Why Use a Purpose-Built Time Series Database
By
Cole Bowden
Developer
Dec 24, 2025
Navigate to:
A time series database has a straightforward definition: it’s a database purpose-built for efficiently ingesting, storing, and querying time series data. Time series data is any data with a timestamp, collected regularly or periodically, that you’ll often visualize on graphs where the X-axis is time. This definition doesn’t quite tell you what sets it apart from other types of databases, though. This blog is going to dive into the details of how various databases are architected and help you understand why you’d want to use a time series database to handle your relevant workloads.
A quick database history lesson
Databases have existed in some capacity since the 1960s, but the first true databases in the modern sense were relational, transactional databases like Ingres and the original SQL Server. These databases store and represent data in rows and columns, and the paradigms underpinning them still exist in their successors, transactional databases like Postgres and MySQL. You might see these databases described as handling OLTP (Online Transaction Processing) because they can quickly process and write new transactions to a dataset.
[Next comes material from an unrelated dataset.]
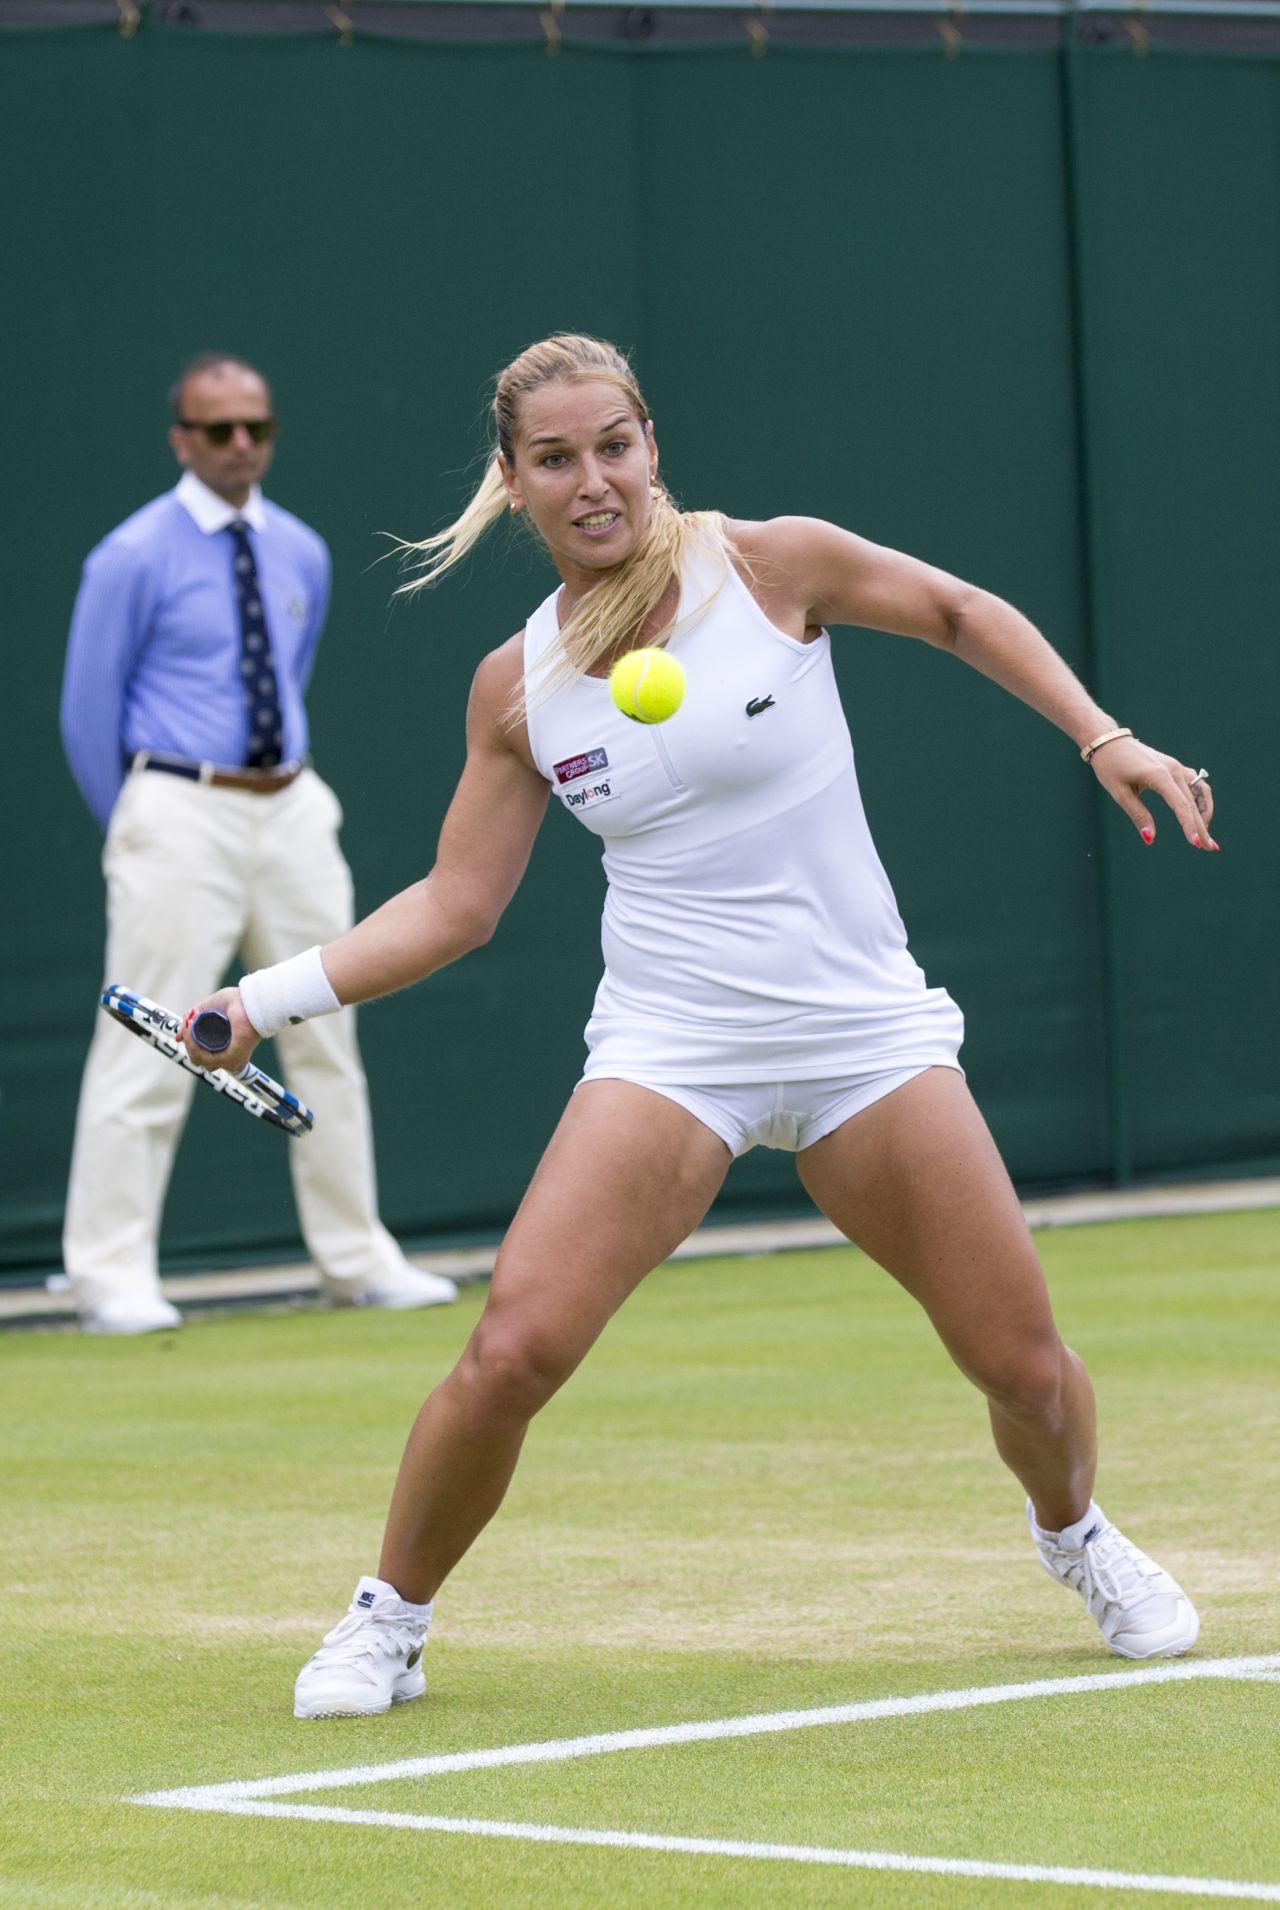 Dominika Cibulkova Wimbledon Tennis Championships In

They do this by writing each new row to storage as one cohesive unit at the end of the table in storage, and the database’s size has a negligible impact on how long it takes to add a new row, no matter how large it gets.
The downside is that when you analyze larger volumes of data, even a simple filter like WHERE userID = 1 in a query could require opening up every single row to check if the userID is or is not 1. Modern transactional databases have a number of strategies to speed up queries like this, the most prominent being indexing, which can make retrieving single rows efficient. However, as you scale queries up and try to retrieve more rows for analysis, performance slows down because the engine needs to read a lot of unnecessary data on disk just to find the data the query is looking for.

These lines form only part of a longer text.